### Source data

+++

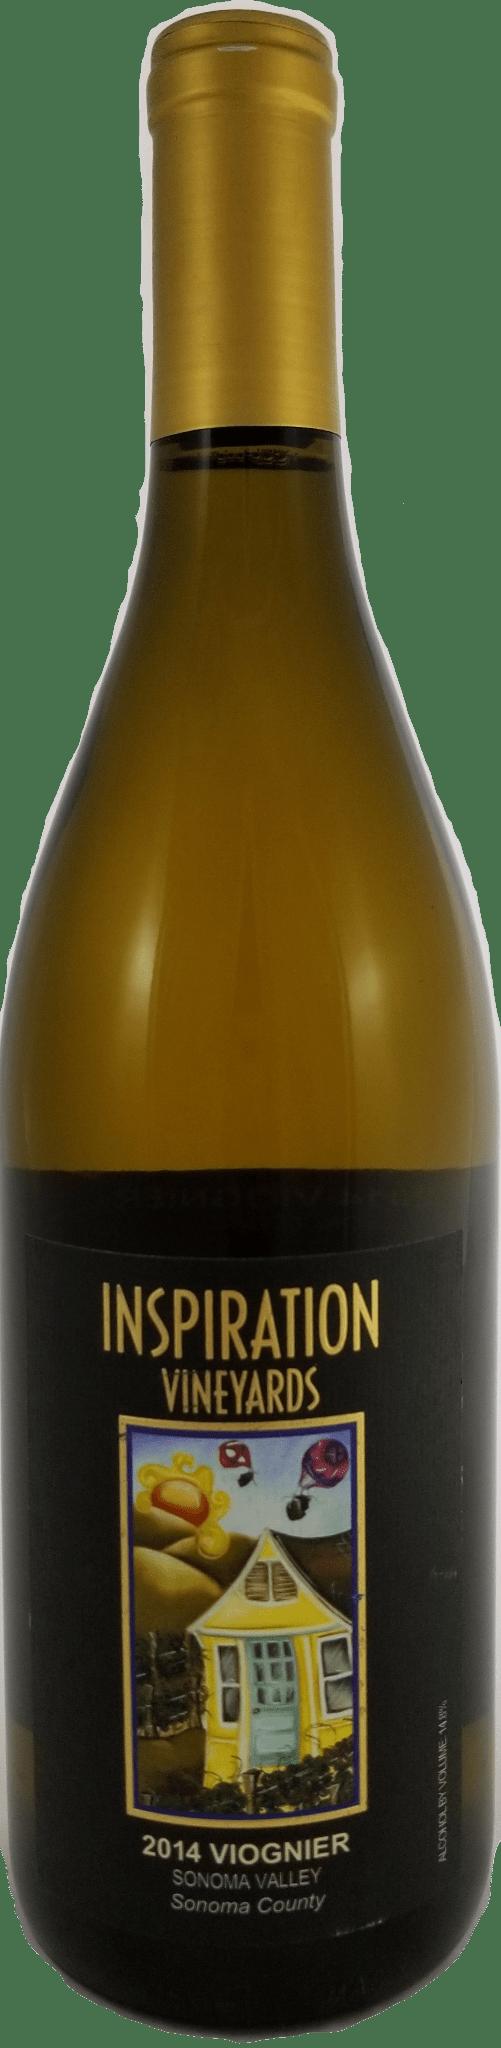 inspiration-viognier14-bottle1-1-1-1
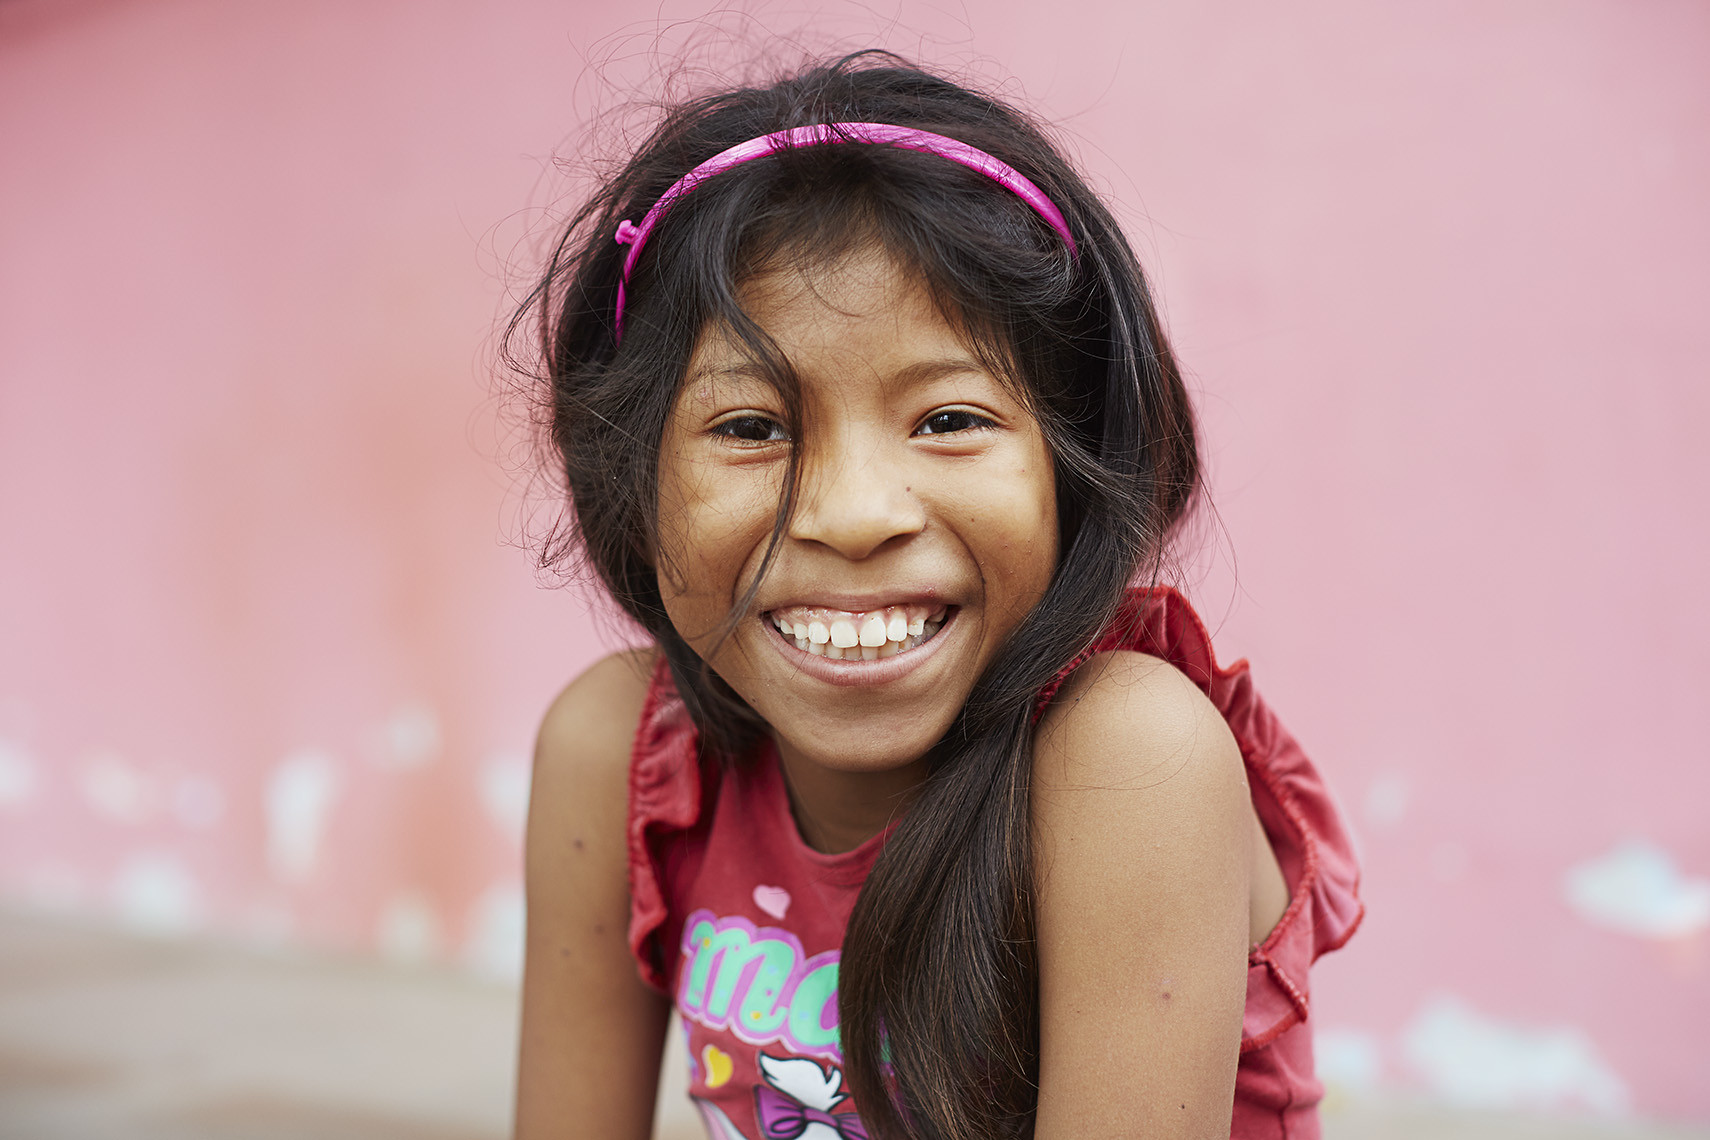 Ecuador_Esmeraldas1990_Children's Villages.jpg
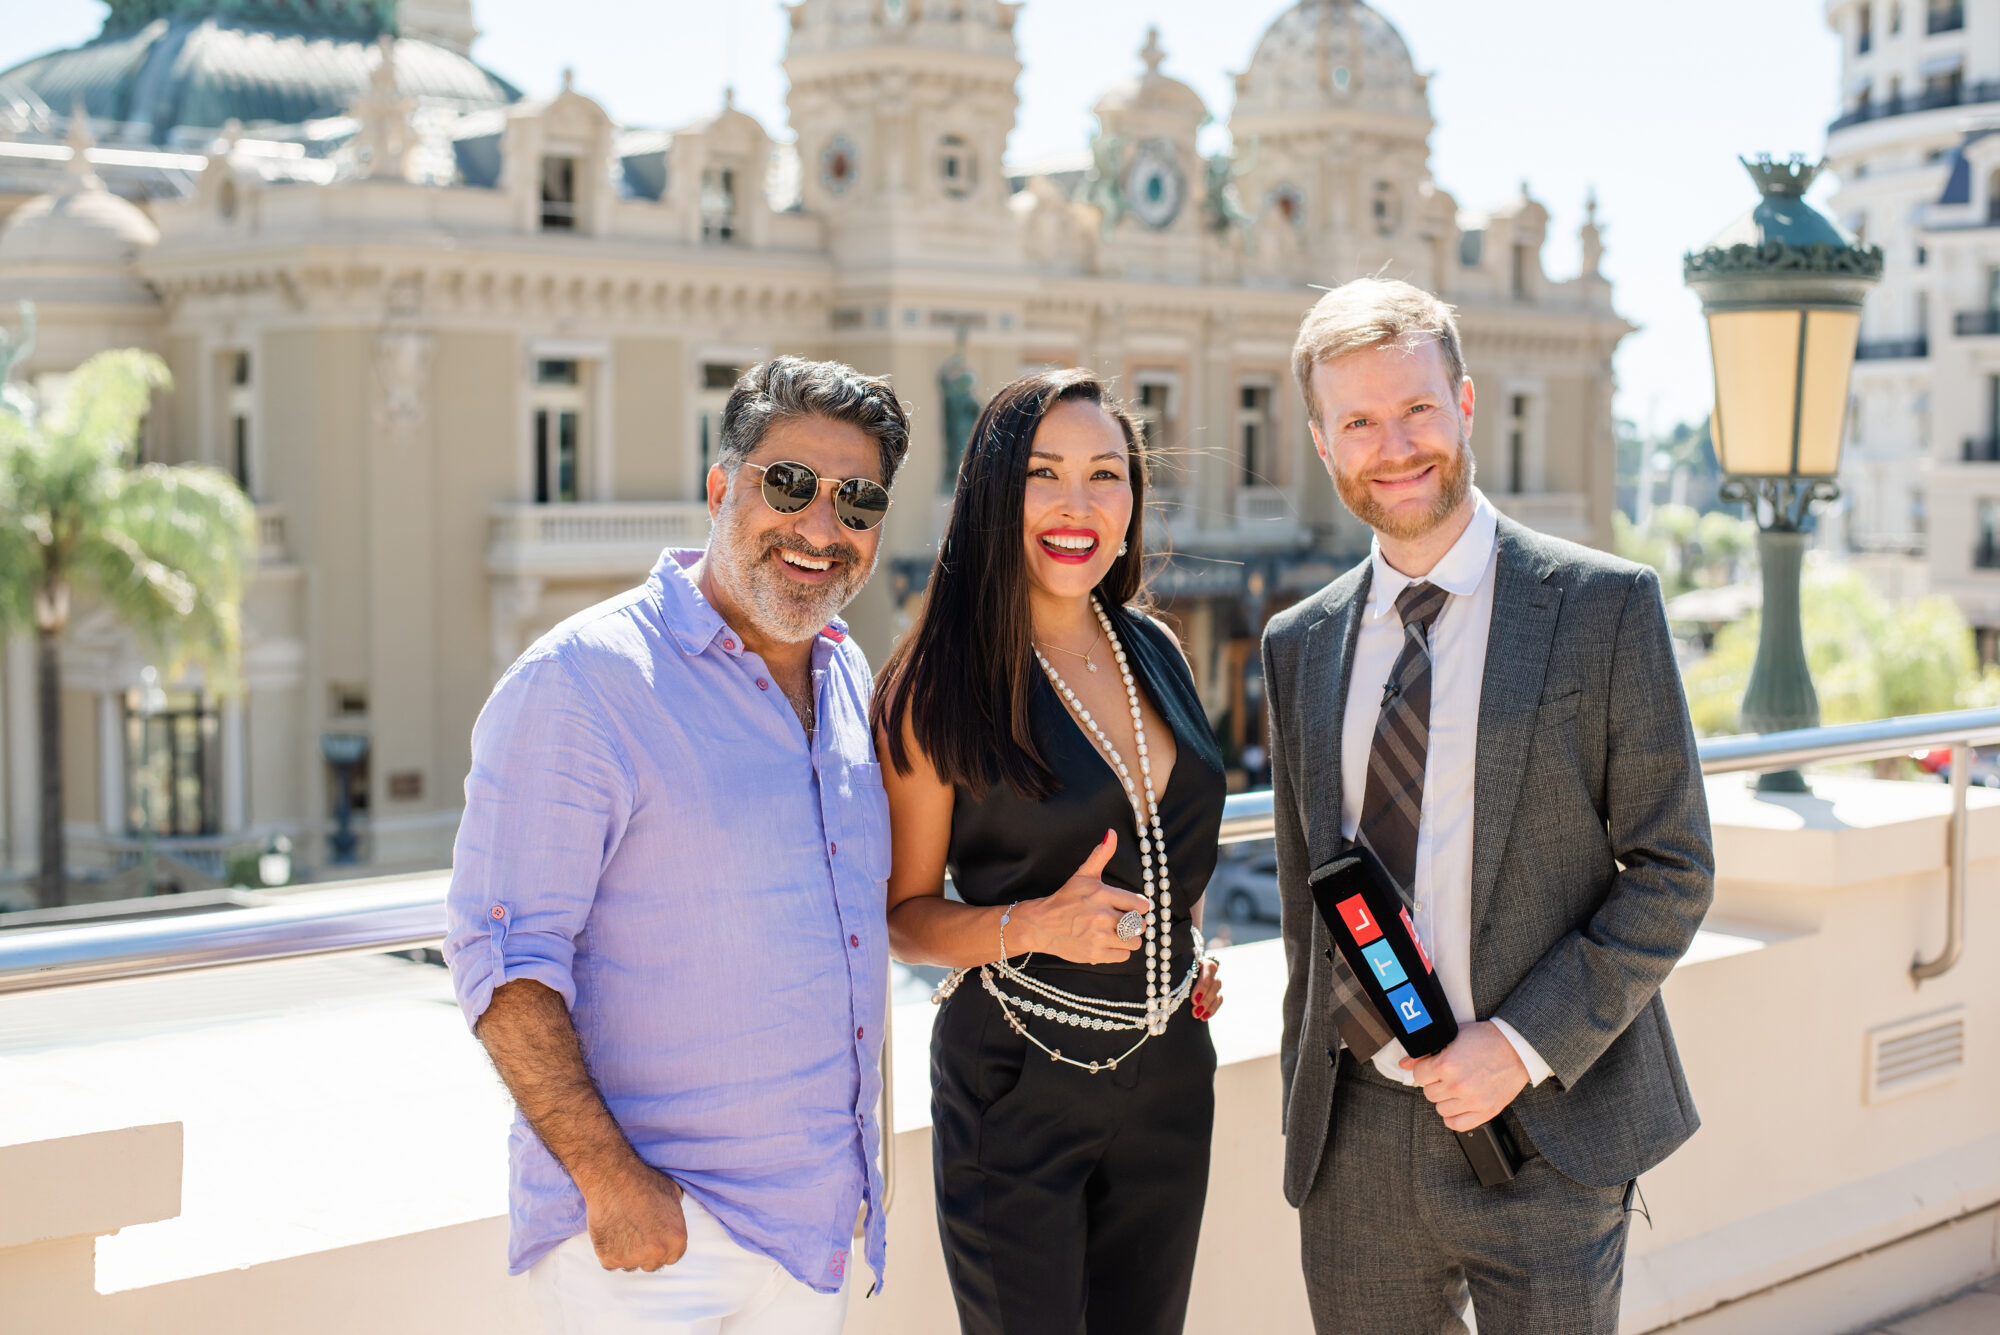 Soheil Zadeh, Gulshat Uzenbaeva, Dominique Fleckinger (RTL)
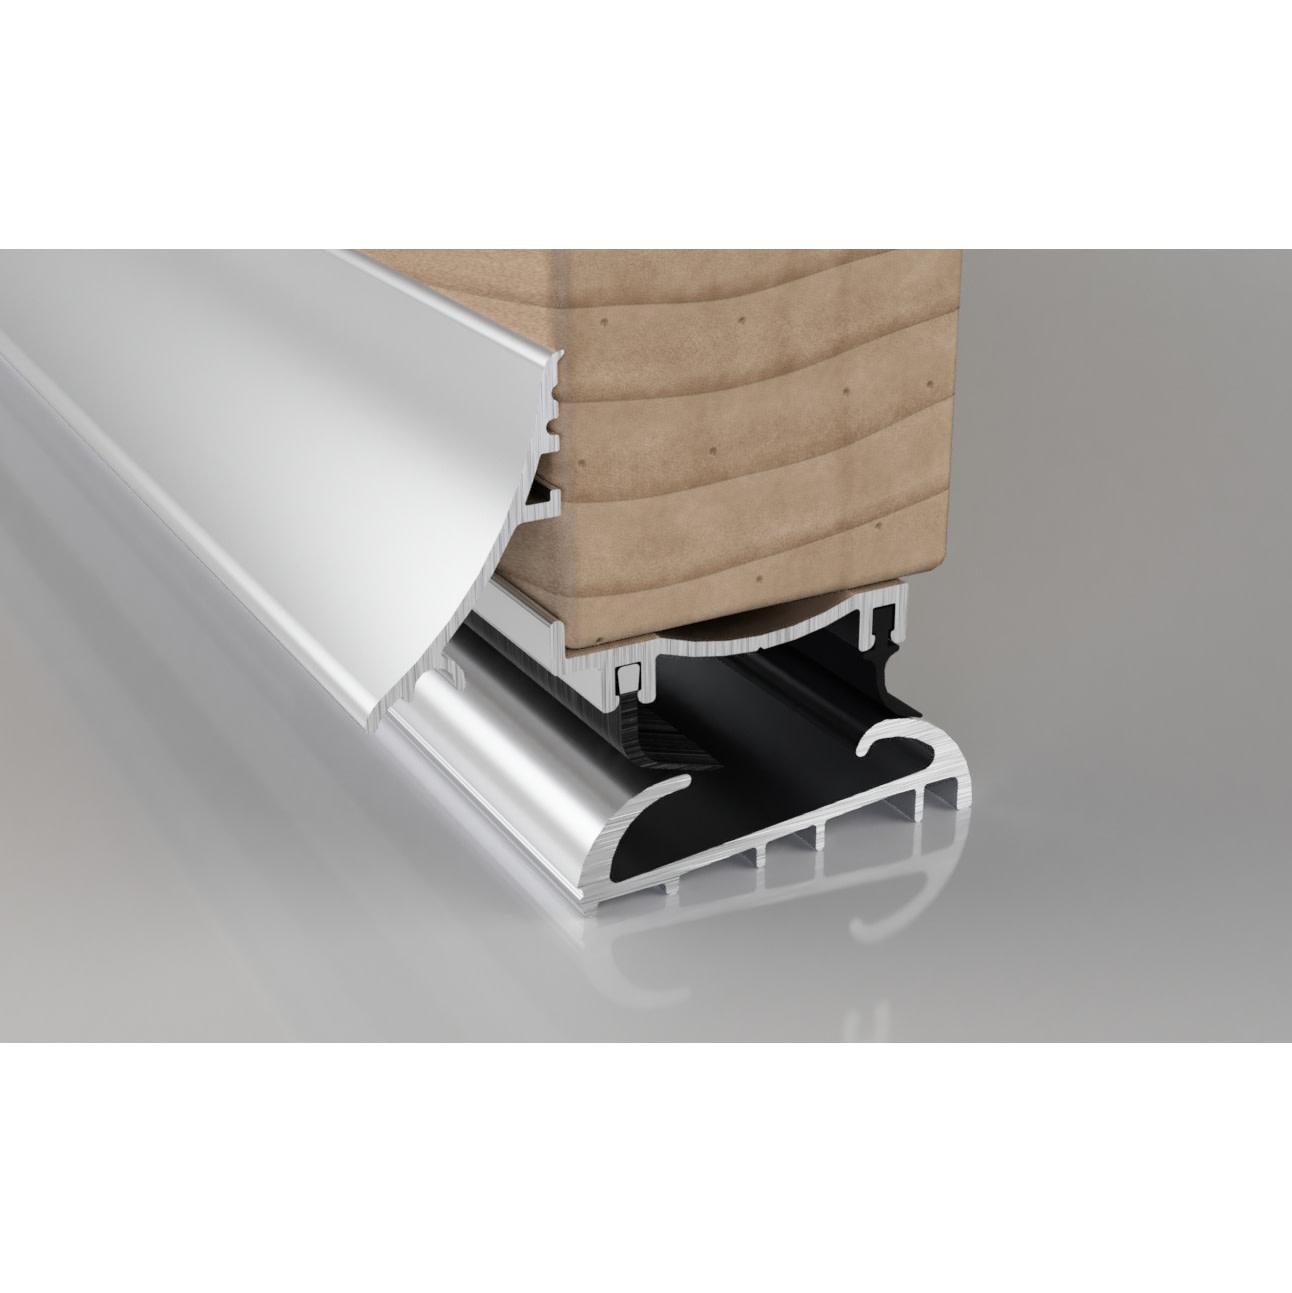 Stormguard Trimline 3-Part Threshold - 914mm - Silver)

+++

### Requirement
I need the lines from the line holding "Soheil Zadeh, Gulshat" through the end of the material, inclusive, restated word for word and without pictures.

### Written response
 Soheil Zadeh, Gulshat Uzenbaeva, Dominique Fleckinger (RTL)
 Stormguard Trimline 3-Part Threshold - 914mm - Silver)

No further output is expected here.